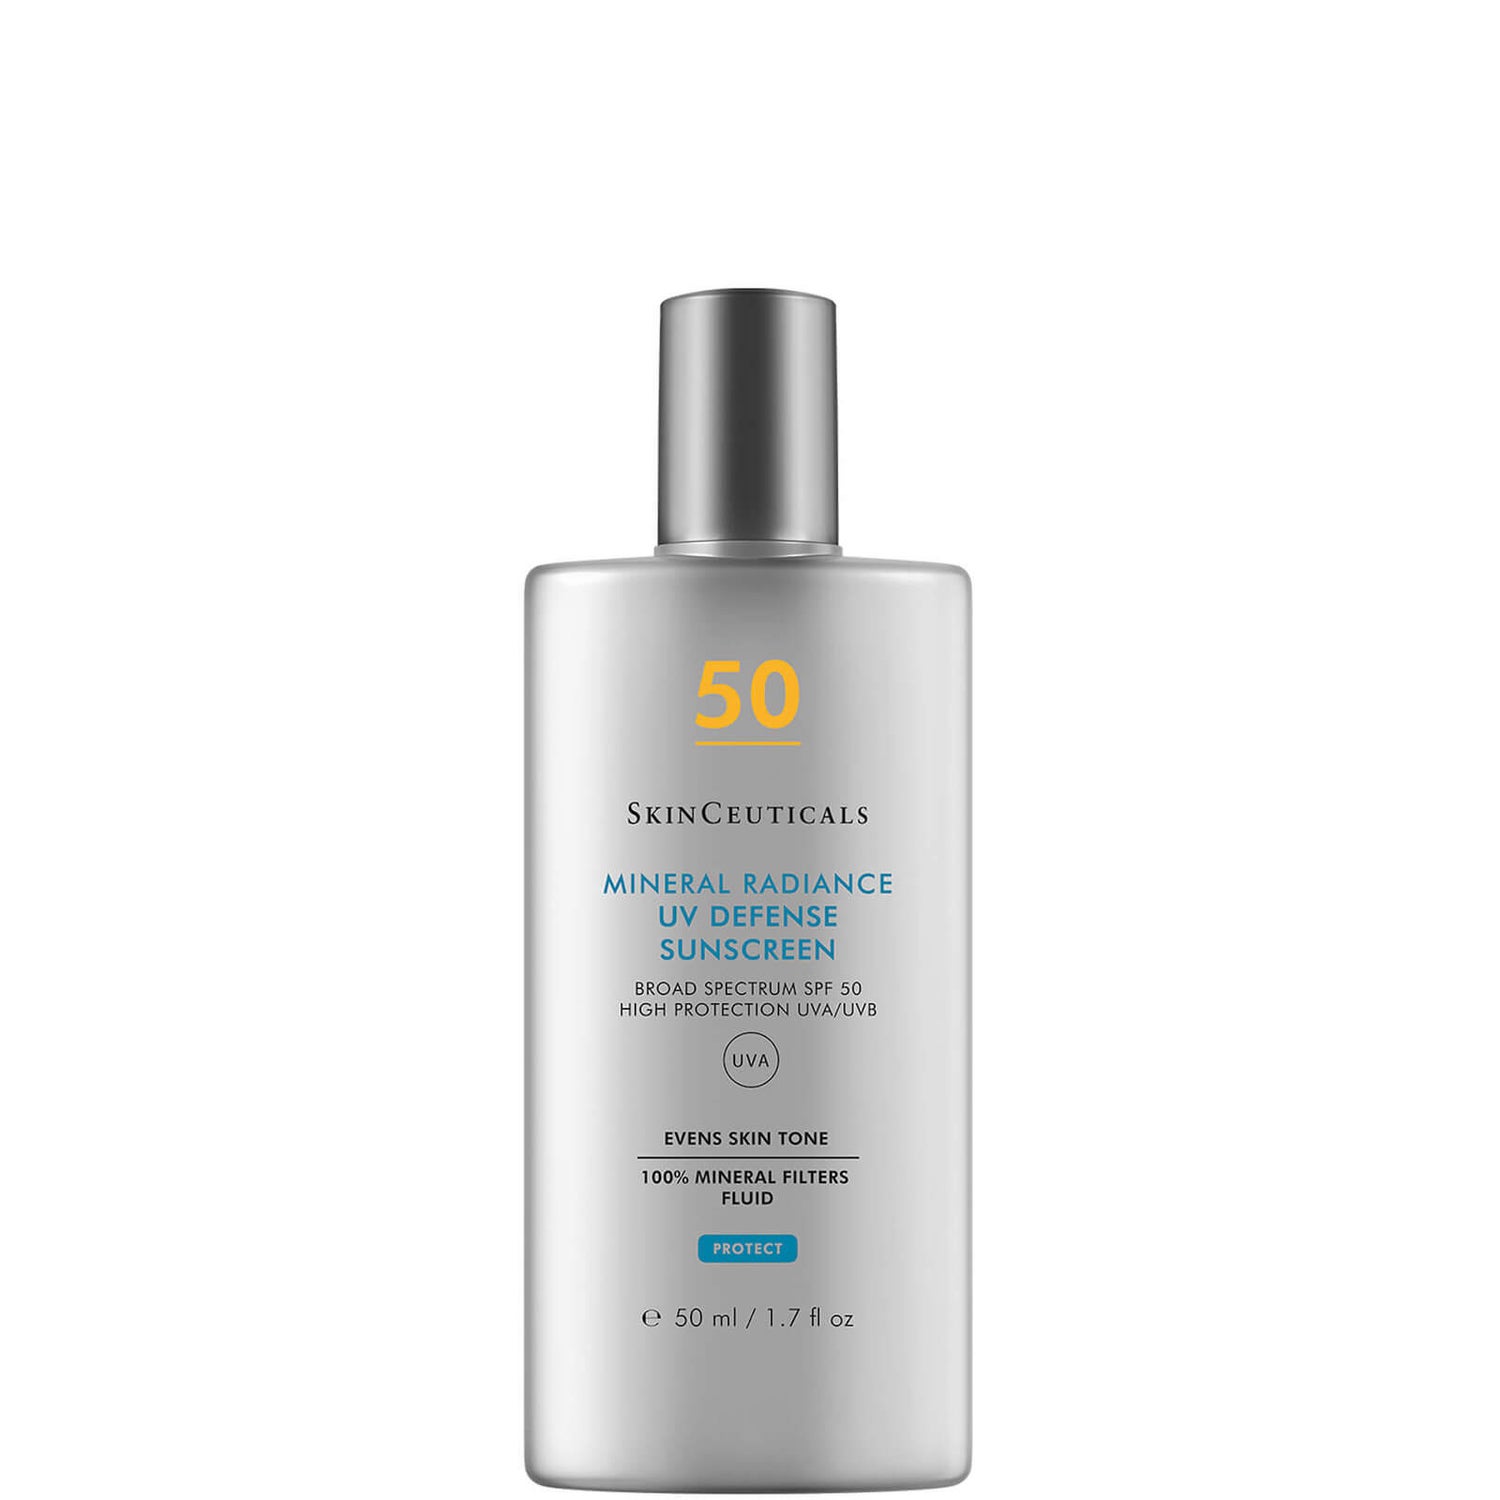 SkinCeuticals Mineral Radiance UV Defense SPF50 Sunscreen Protection 50ml
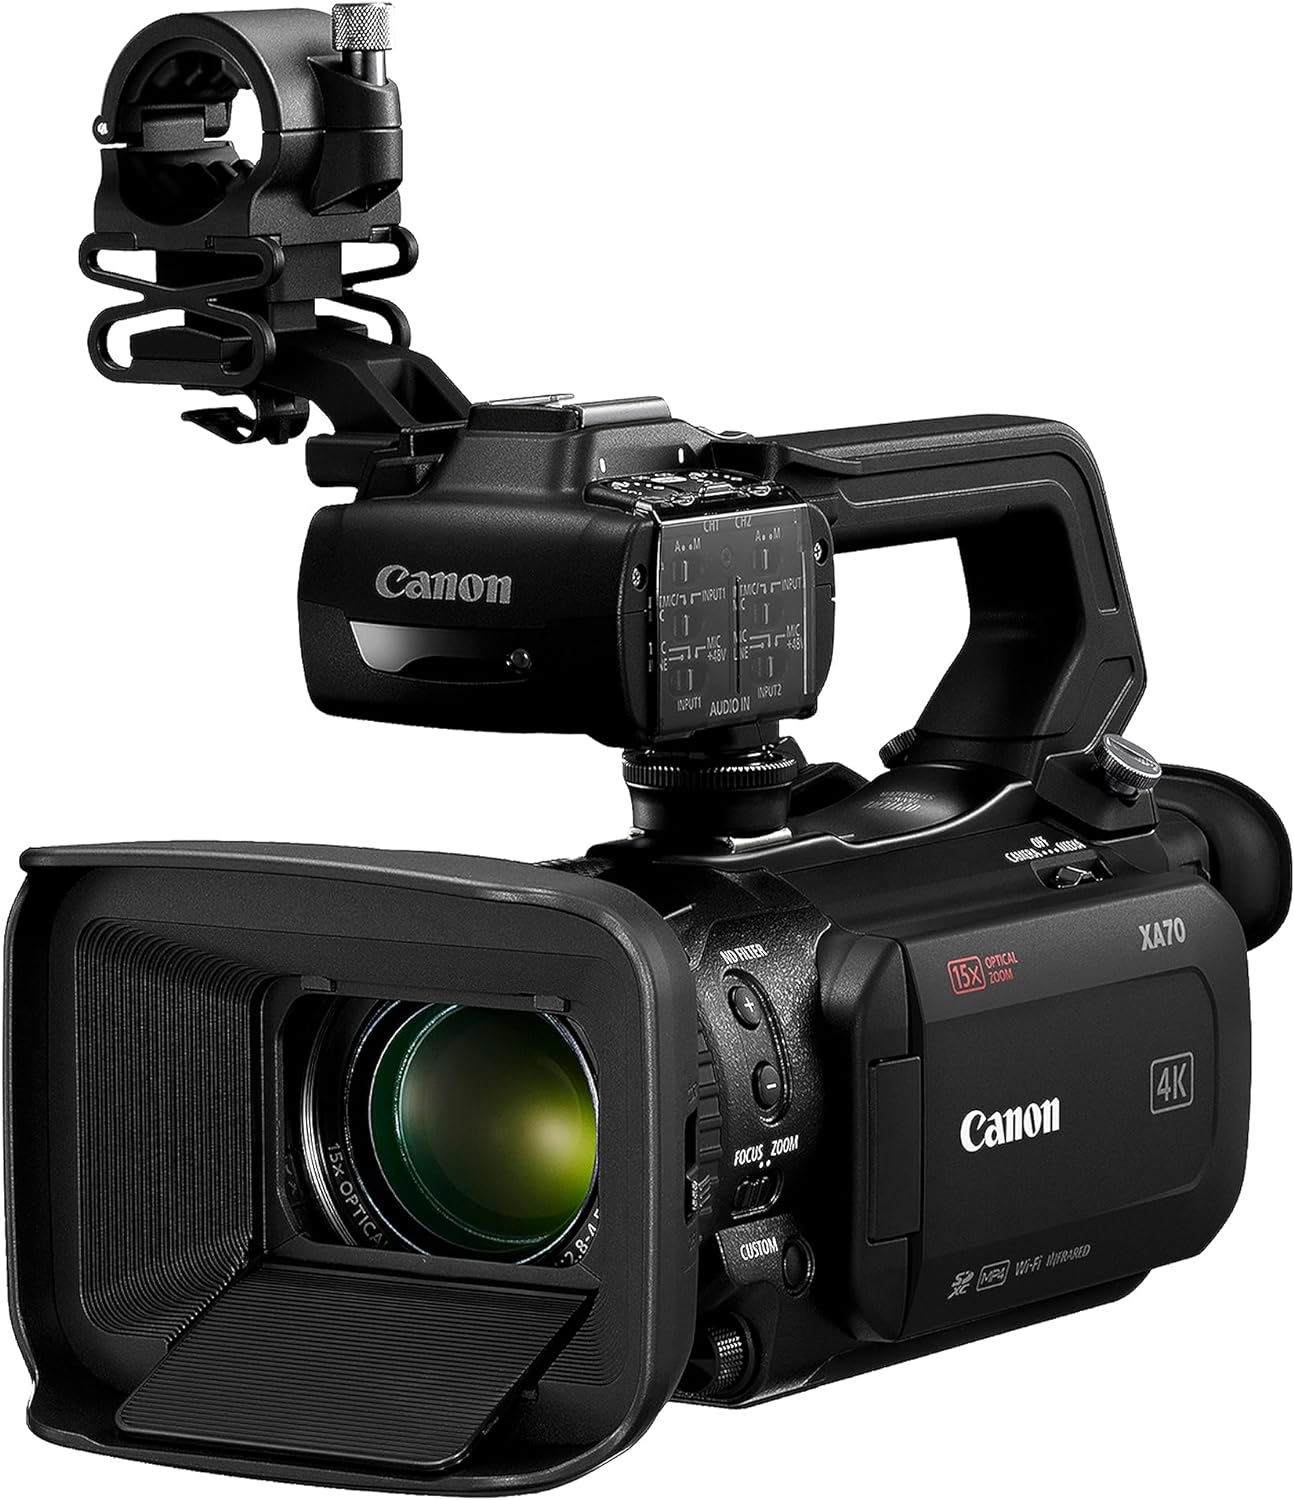 Introduction to Camcorders: A Beginner's Guide
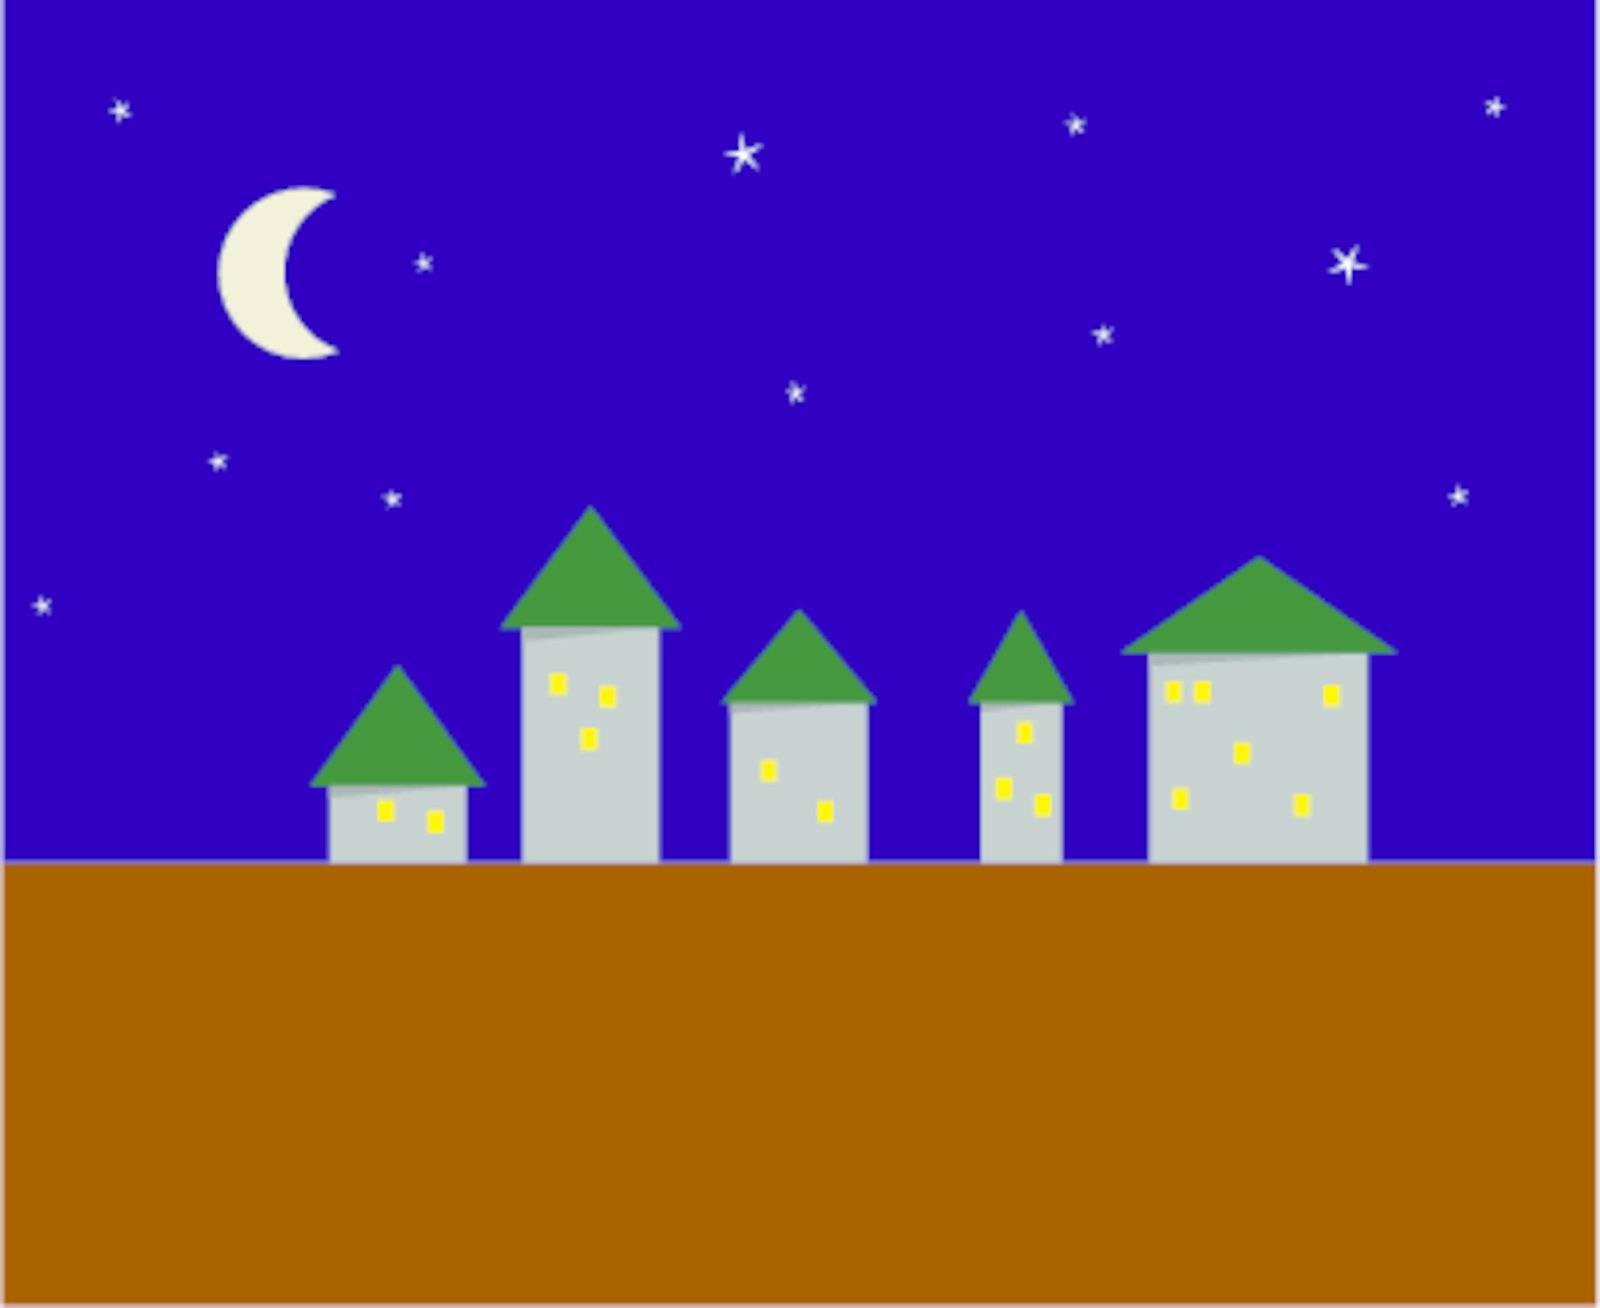 The stylized image of a night small city - five houses
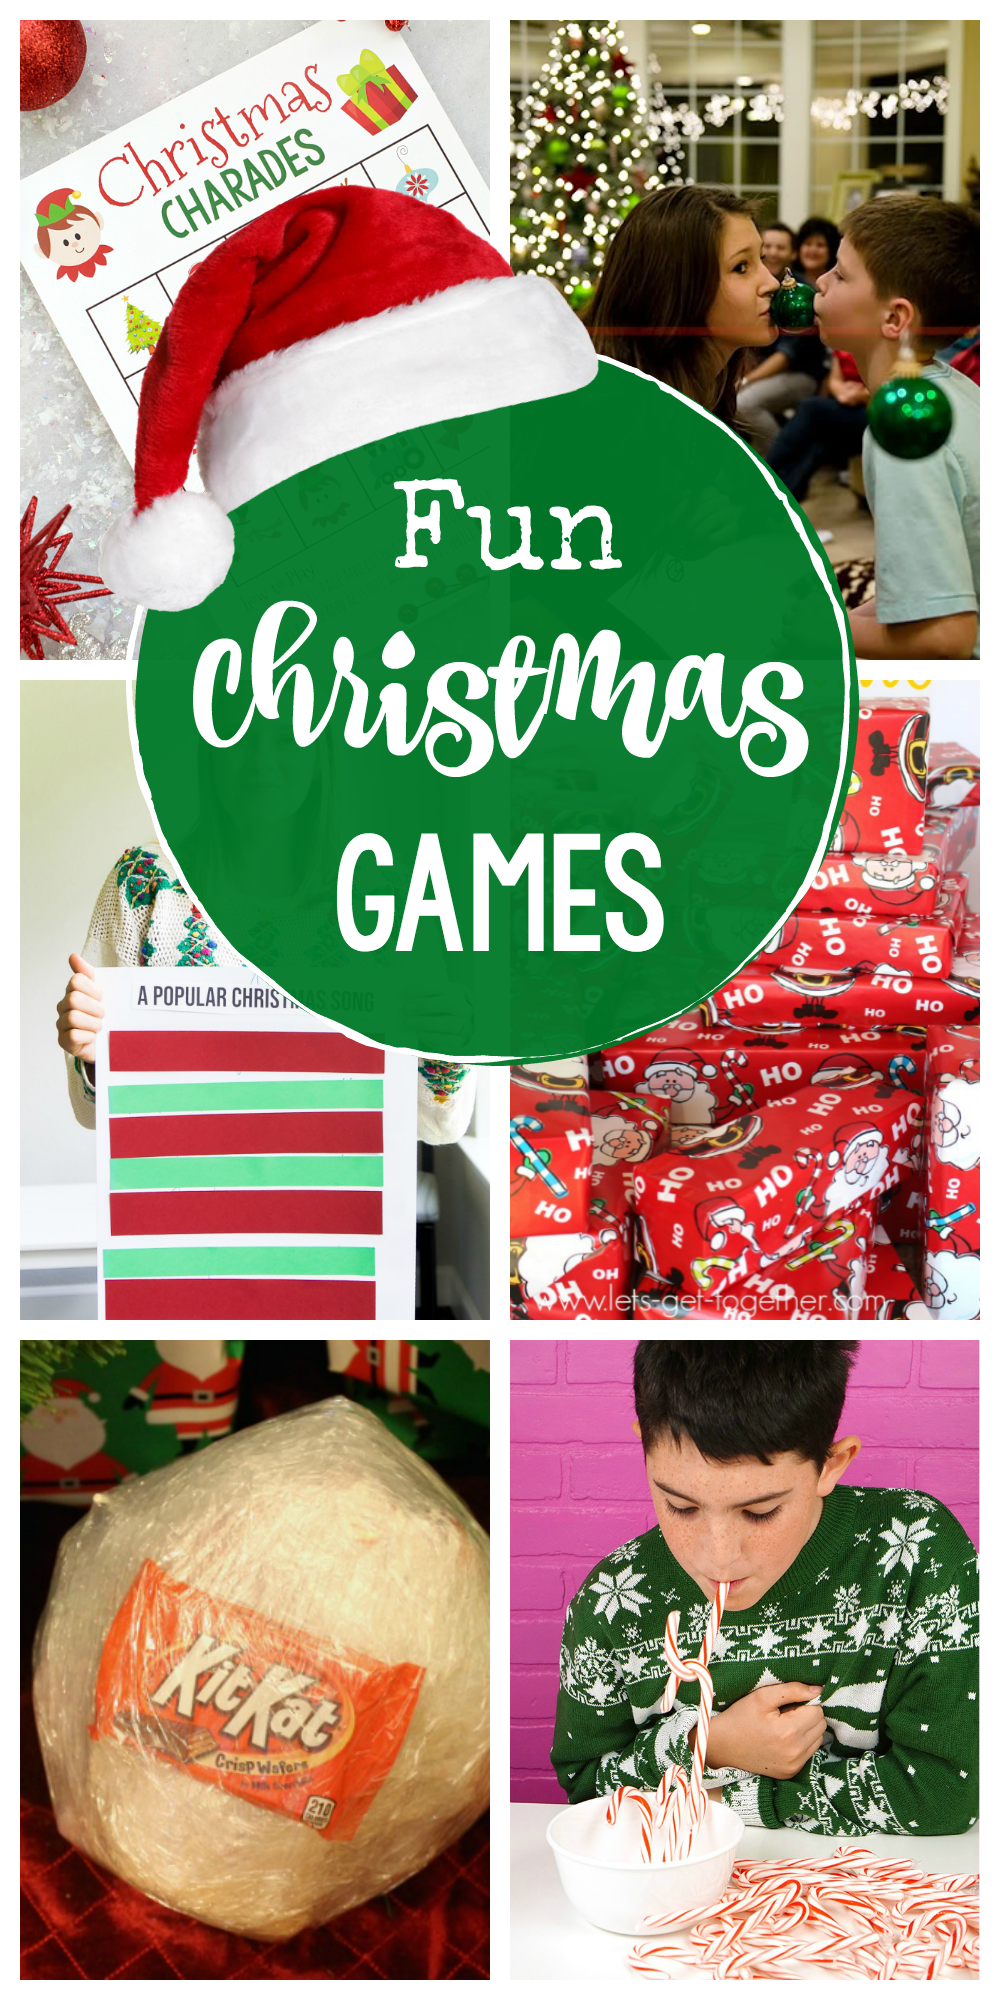 Fun Christmas Games for Your Holiday Parties - Fun Christmas Games for Your Holiday Parties -   18 diy Christmas games ideas
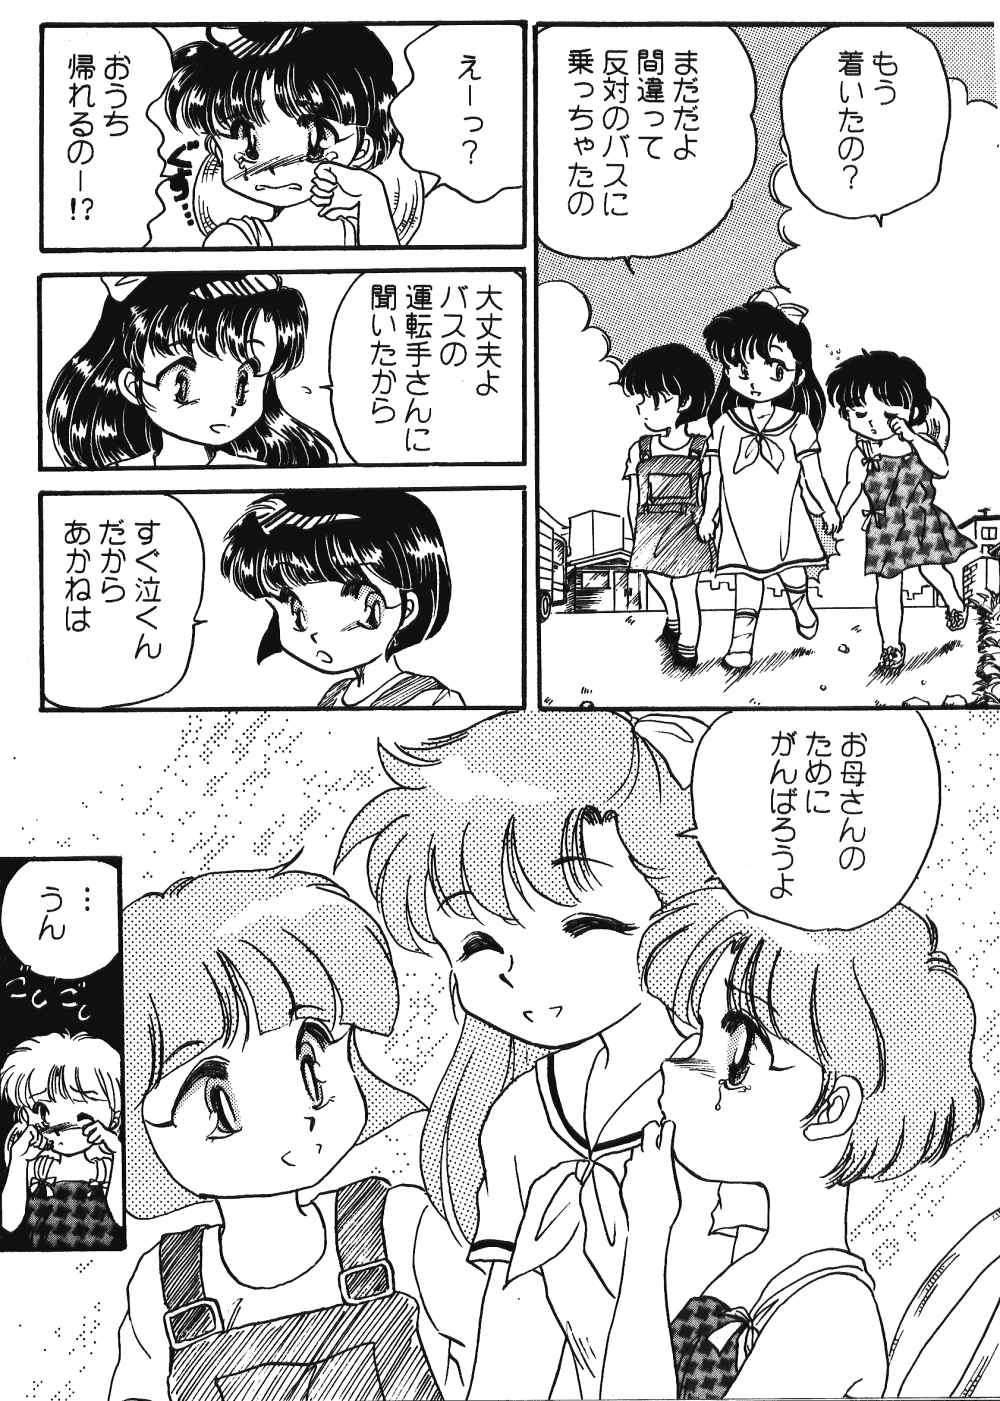 Never Forget Summer (Ranma 1/2) 10

▶ **REQUIRED WORK**: Because only the text is wanted, copy each record above precisely and omit its pictures.

▶ **REPLY**:
 SkinCeuticals Mineral Radiance UV Defense SPF50 Sunscreen Protection 50ml
 Introduction to Camcorders: A Beginner's Guide
 The stylized image of a night small city - five houses
 Fun Christmas Games for Your Holiday Parties - Fun Christmas Games for Your Holiday Parties -   18 diy Christmas games ideas
 Never Forget Summer (Ranma 1/2) 10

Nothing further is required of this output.